Jun 19, 2006 — by LinuxDevices Staff — from the LinuxDevices Archive — views

Foreword — Positioning the intellectual property that goes into embedded systems as “service” rather than “product” distributes risk more evenly between client and vendor, writes embedded services company founder Curt Schacker. The service model fits the “no-cost” nature of software copying, and has been proven successful by free software vendors, Schacker argues in this guest column. Readers are invited to comment using the link at the end of the article. Enjoy . . . !


Embedded is a Services Industry — Part 2

by Curt Schacker

Last month, I argued in a column here at LinuxDevices.com that much embedded software really constitutes a service rather than a product industry. At the risk of incurring the reader's wrath, I'll take the argument one step further and describe how a service model can serve everyone's interests — vendors and OEMs (original equipment manufacturers) — more effectively than a product model does. I will also illustrate the point with a pretty common example. Before going on, though, one point of clarification: these arguments are directed at software 'intellectual property' that gets embedded into a device, rather than at the software tools that engineers use to develop embedded devices.

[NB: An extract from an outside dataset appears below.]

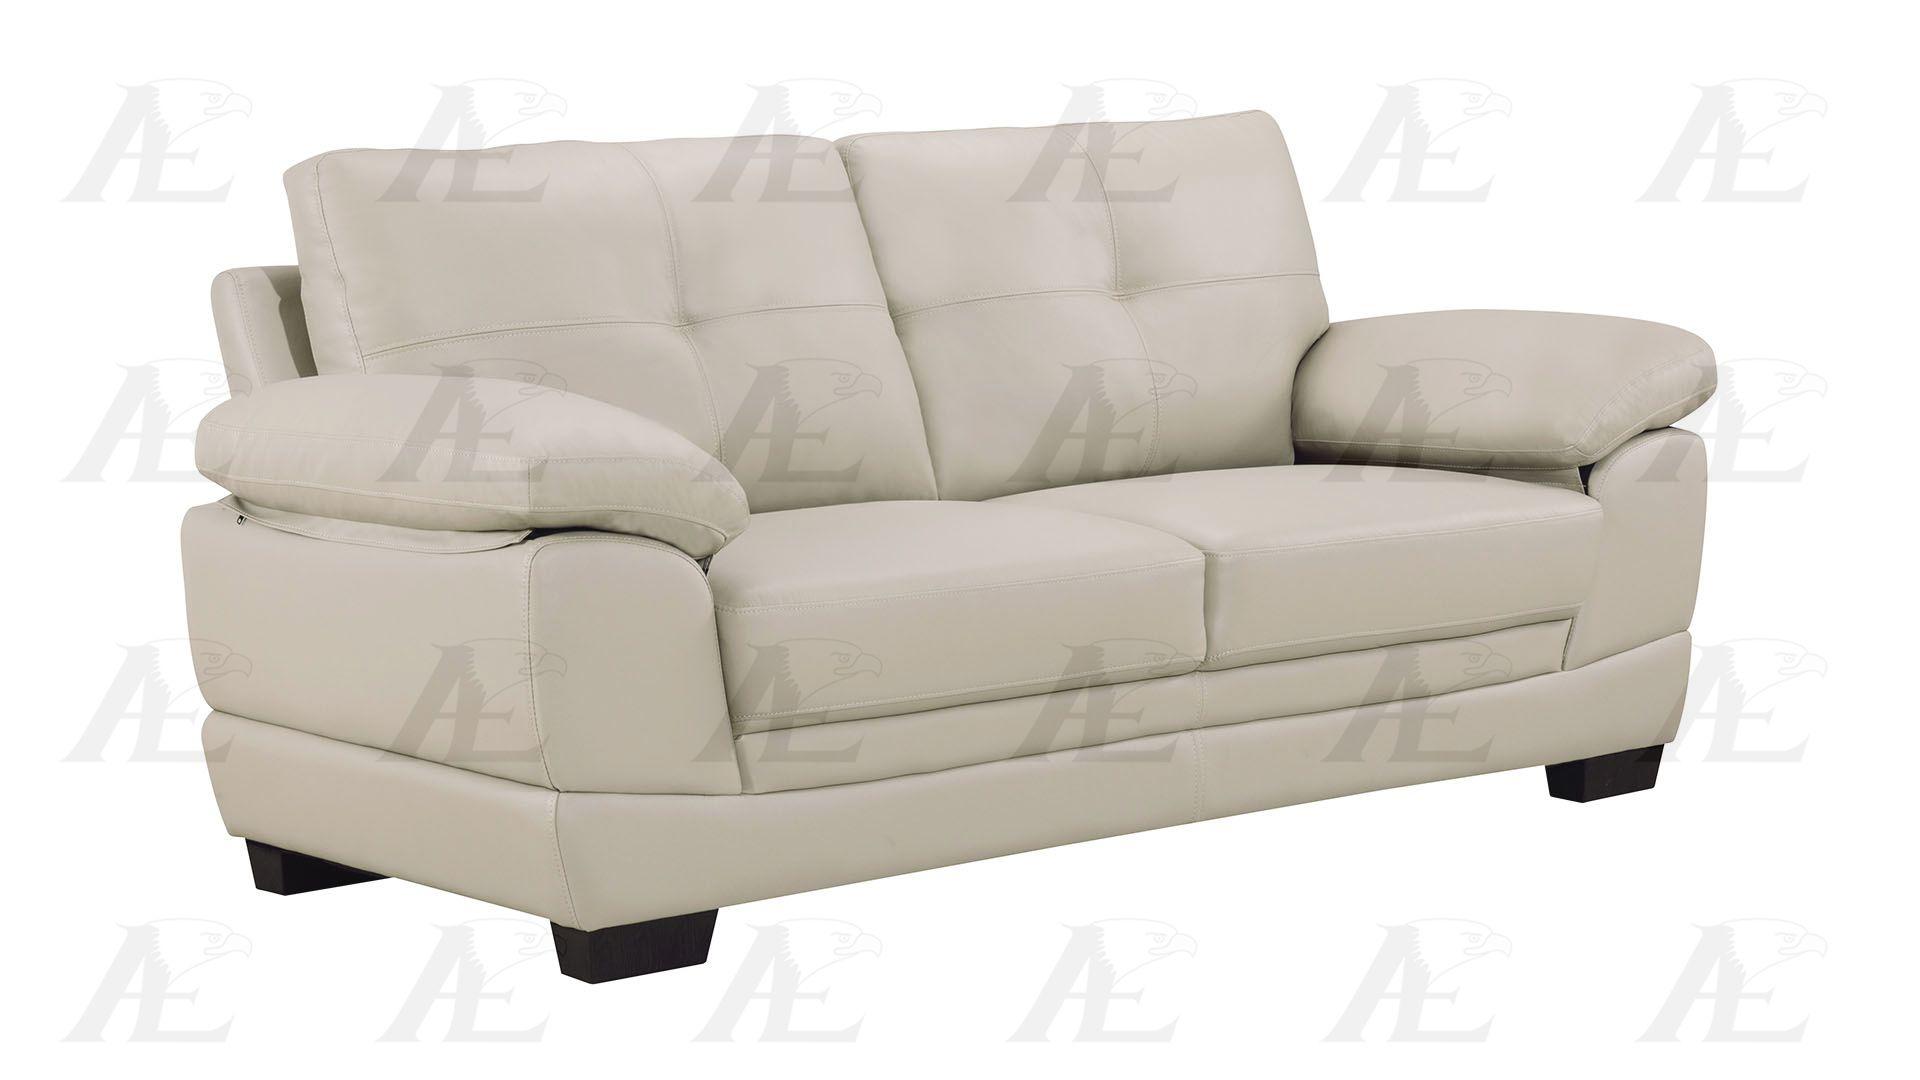 

    
American Eagle EK510 Light Gray Genuine Leather 2pcs Living Room Sofa Set in Contemporary Style

This wasn't clear in my previous article.

Let's compare the two approaches by looking at what happens at that key event in all of our lives — the commitment to buy, i.e. when a customer issues a purchase order to a supplier.

When a software product company secures a booking, payment of the corresponding invoice is pretty much just a function of time, usually 30-60 days. Barring some type of unforeseen circumstance, the vendor usually does get paid. But what happens if the product doesn't perform as advertised (which is often very difficult and time consuming to discern with complex software technology), or as is more often the case, has an architecture or implementation limitation that impedes or restricts the OEM? It's clear here that the OEM has taken on more risk than the software vendor in this transaction — the OEM may be stuck with a product that doesn't work for them; they've lost invaluable time in their schedule; and, they now have to find a substitute solution. By comparison, the software vendor has probably lost the opportunity to do business with that particular customer. Incidentally, I believe this risk imbalance is well-understood, and finds expression in the form of relatively low license fees in relation to the cost to develop and support embedded software, which is why so many embedded software vendors struggle for profitability.

Let's look at a pretty typical example. A common software component to every embedded device is the device driver. Countless times, I've seen device drivers packaged up as standard 'products' with an advertised set of features. Only after this product is integrated in the application environment does the OEM find out that it does not meet their performance requirements because the driver's author assumed “large packet size, no compression, and did not implement DMA support,” whereas the application requires support for “small, bursty packets, flow control, and full DMA support.” The typical embedded vendor's answer today is, “The product is provided in full source code; you can change it.” But the reality is that the vendor, under a services model, is in the best position to make the changes and support the OEM in most cases.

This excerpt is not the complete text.